Aku menganggukan kepalaku, "Iya."
"Otomatis kalau gak saya yang nanya dia, dia juga bisa nyebar informasi tentang kamu." Jawab Pak Arfa.
Nyebelin emang punya abang kayak Bang Kelvin. Itu kan privasi!
Ngomong-ngomong soal Bang Kelvin, kan jadi kangen. Udah lama gak minta duit jajan sama dia.
"Nanti jangan panggil saya bapak." Ujar Pak Arfa.
"Jadi? Manggil abang nih?"
Pak Arfa menghela nafasnya, "Kalau kamu gak malu, silahkan."
"Bapak tahu lagu Jennie gak?"
Pak Arfa mengerutkan keningnya, "Apa?"
"Itu loh lagu yang pernah saya puterin di mobil bapak."
"Oh, yang itu. Kenapa?"
Aku menatap Pak Arfa dengan mata berbinar, "Biar kayak di drama korea, Pak. Bapak mau saya panggil apa? Baby, Chagi, Yeobo?"
"Kok saya merinding ya, El."
Aku pun tertawa menanggapi ucapan Pak Arfa, "Kalau saya gak keceplosan ya, Pak."
"Makanya biasain dari sekarang."
"Mas?" Ujarku canggung saat mengganti kata sapaan Pak menjadi Mas.
"Coba ulangin lagi. Kurang gede manggilnya."
"Ulang, bayar."
"Saya kecilin nilai kamu nanti."
"Bapak kan udah berhenti."
"Saya kecilinnya sekarang."
"Mas.. gak boleh gitu."
Hehe. Pembalasan!
Sekarang Pak Arfa yang salah tingkah.
"Acara udah mau dimulai. Mau ketemu abang kamu dulu?"

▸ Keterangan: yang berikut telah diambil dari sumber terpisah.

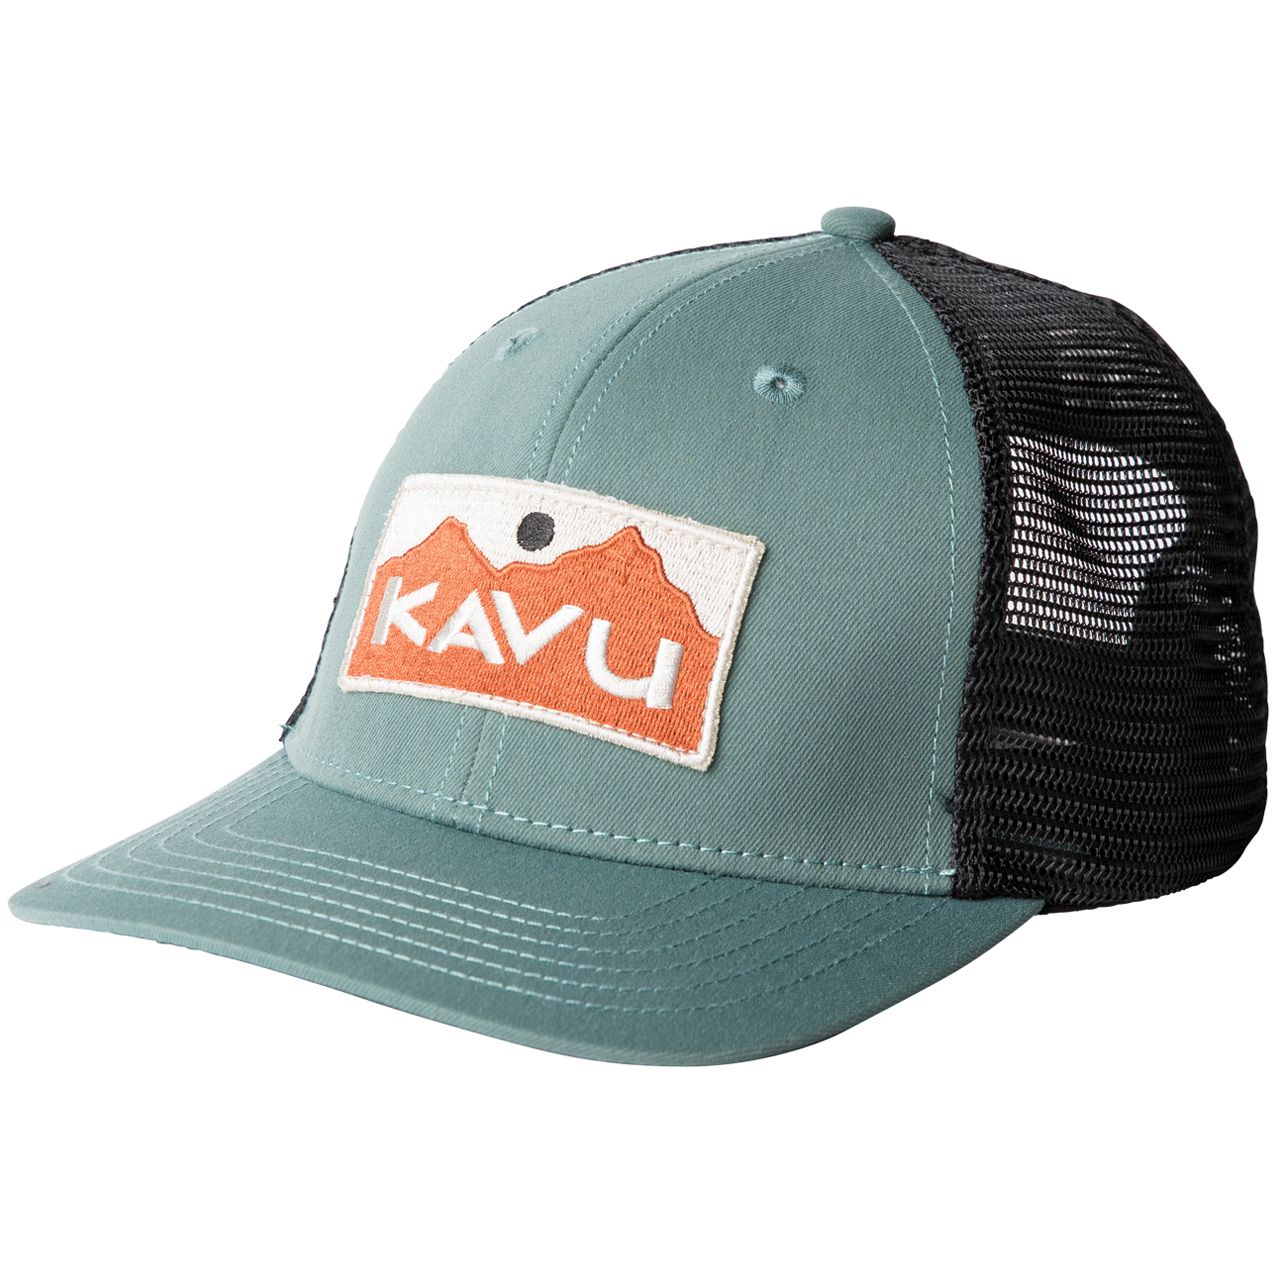 Productfoto van KAVU Above Standard Trucker Cap - Dark Forest

Aku mengangguk antusias, "Ayo!"
💥💥💥
Jam pun berdetak dengan cepat, membuatku sedikit gugup karena ternyata tamu undangannya cukup banyak dan yang paling penting holang kaya semua.
Sebelumnya aku sempat menemui abang, papa, dan mama. Abang dan papa sempet minta maaf perihal pertunangan mendadak ini yang hanya aku tanggapi dengan kata gapapa.
Kalau dijodohinnya sama Pak Arfa mah gapapa.
"Kamu siap?"
Aku mengangguk ragu, "Iya."
"Jangan gugup, ada saya."
Aku pun tersenyum kecil, "Siapa yang gugup? Gak kok!"
"Iyain aja biar cepet." Ujar Pak Arfa sembari mengacak rambutku pelan.
"Pak, nanti berantakan!"
"Gapapa. Tetap cantik juga kan?"
"Iya. Saya tahu saya cantik."
"Panggil Mas."
"Enggak, nanti aja baru manggil Mas."
"Panggil Mas poin kamu saya plus."
"Oke, Mas!"
"Dasar mata nilai!"
"Mana ada mata nilai, Pak."
"Panggil saya Mas!"
"Gak mau!"
"Yaudah, saya panggil yeobo deh."
"Apaan? Yobo?"
"Artinya?"
Pak Arfa menganggukan kepalanya, "Iya."
"Sayang."
Kali ini giliran aku lah yang ngebuat Pak Arfa salah tingkah. Hehe. Pembalasan dendam success!